§ **TASK REQUIREMENTS**: Below are entries with pictures in them. Output exactly the lines starting at the line with "激レア 90s USA製 ビンテージ ハワイ火山 Hawaii Tシャツ XL" and ending at the line with "Steak Vintage sketch", both included, but not the pictures.

§ **RECORDED INFORMATION**:
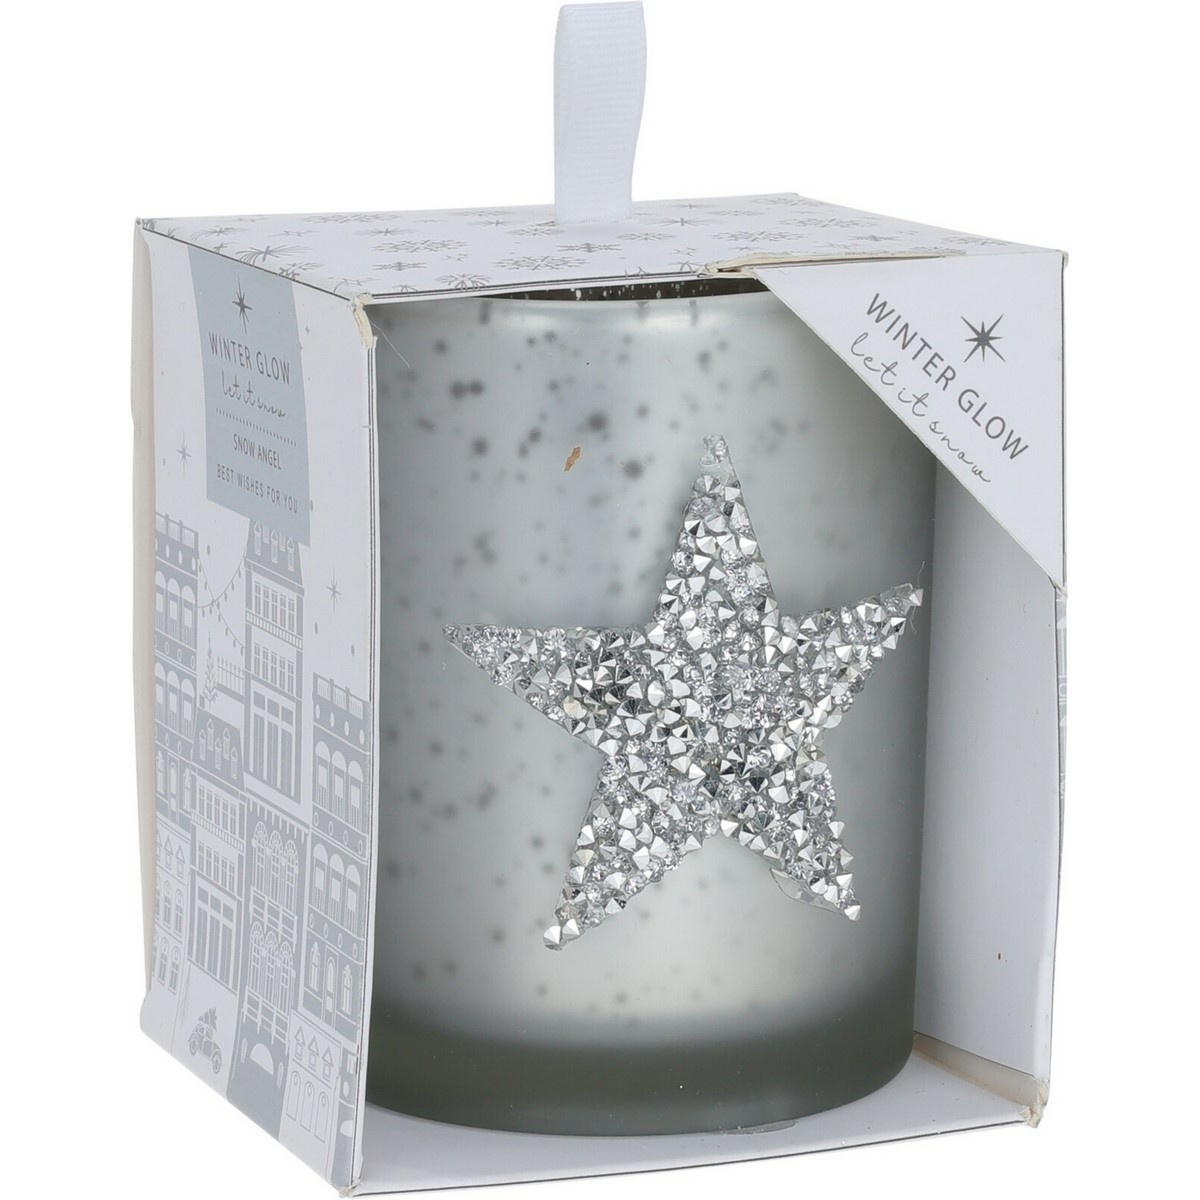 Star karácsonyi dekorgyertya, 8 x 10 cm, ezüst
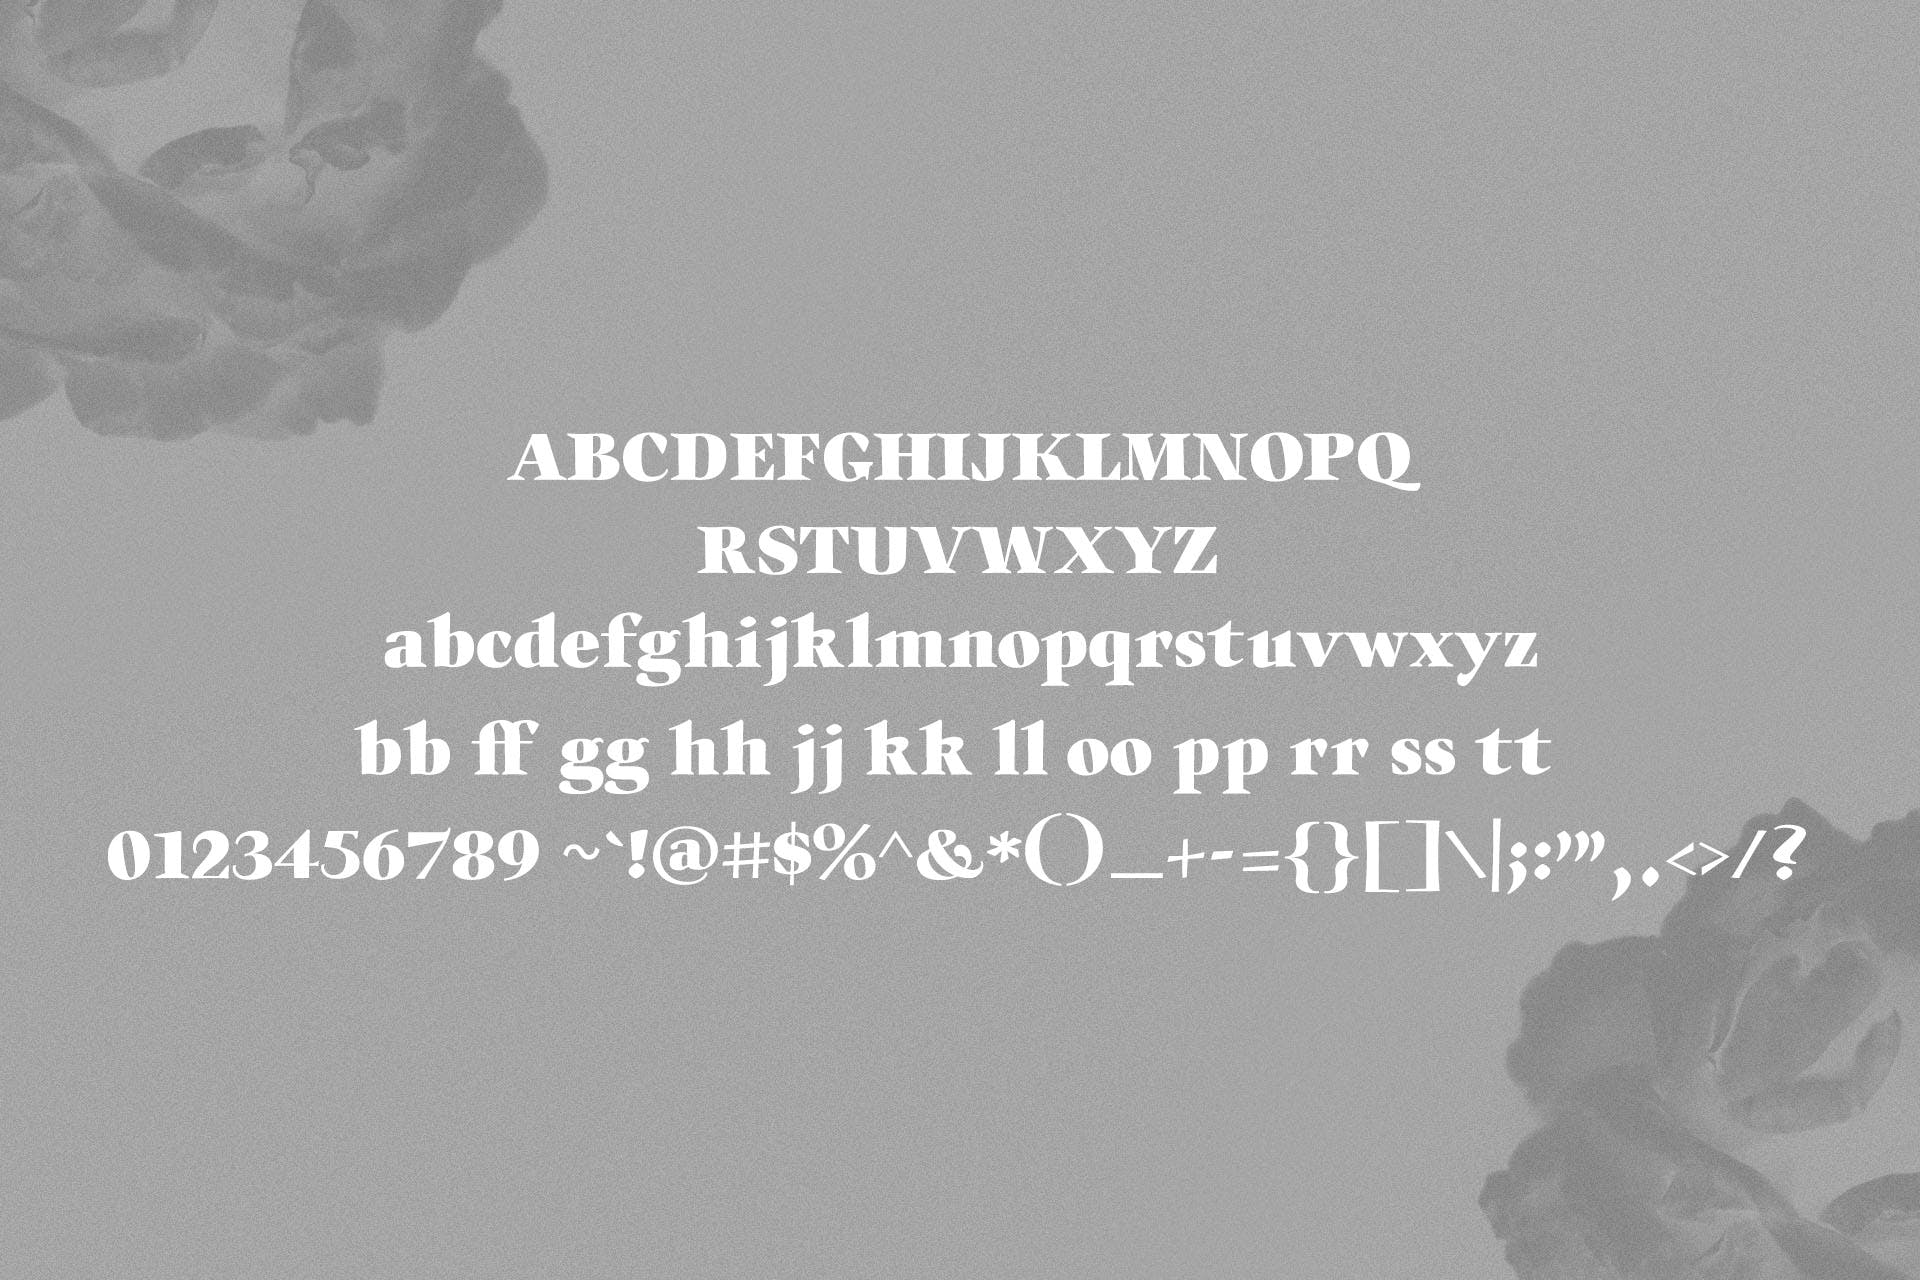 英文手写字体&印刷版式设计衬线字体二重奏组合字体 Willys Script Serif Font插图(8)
...
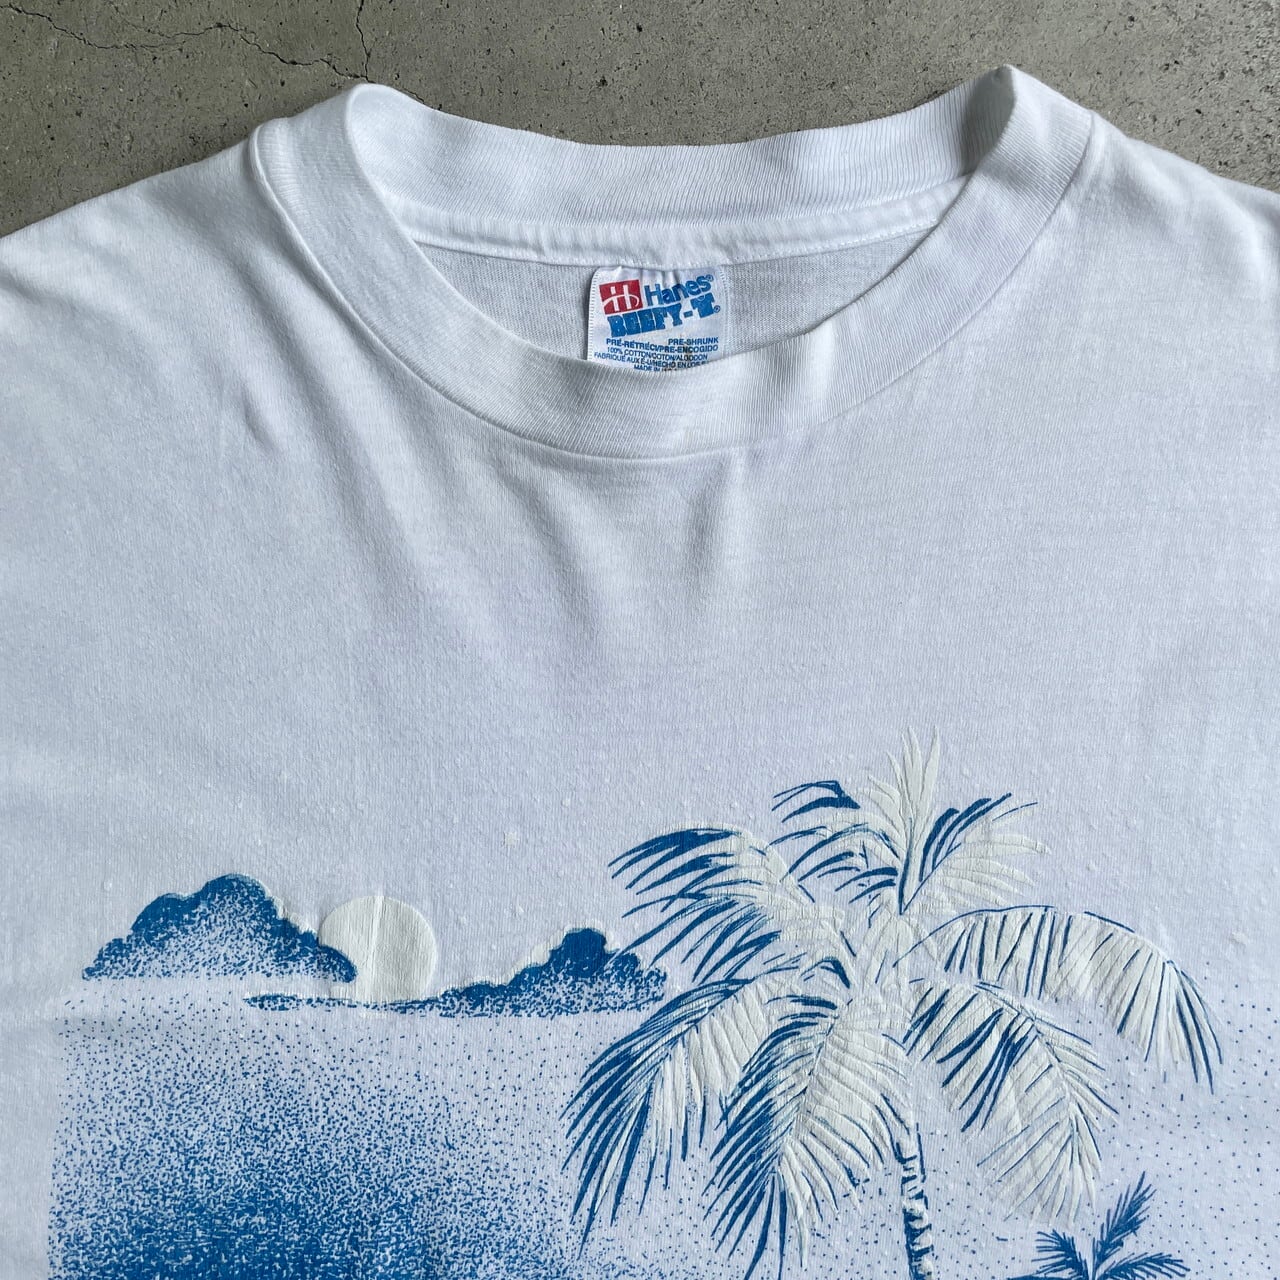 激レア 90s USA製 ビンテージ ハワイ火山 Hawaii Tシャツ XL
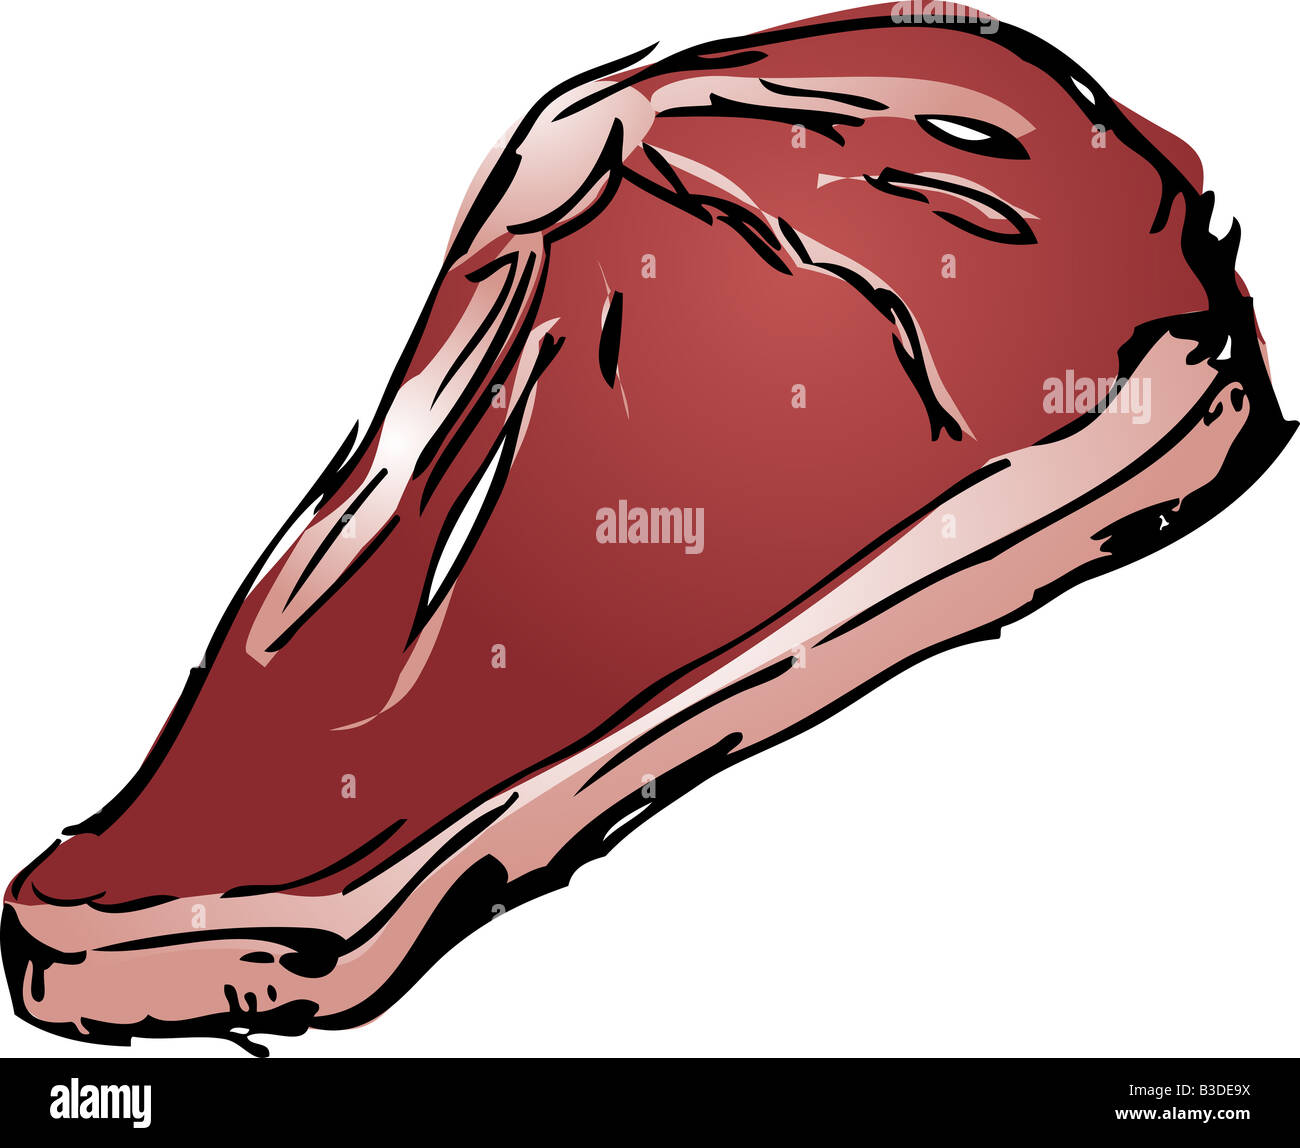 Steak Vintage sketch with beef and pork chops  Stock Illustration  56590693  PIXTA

§ **TASK OUTPUT**:
 激レア 90s USA製 ビンテージ ハワイ火山 Hawaii Tシャツ XL
 Steak Vintage sketch with beef and pork chops  Stock Illustration  56590693  PIXTA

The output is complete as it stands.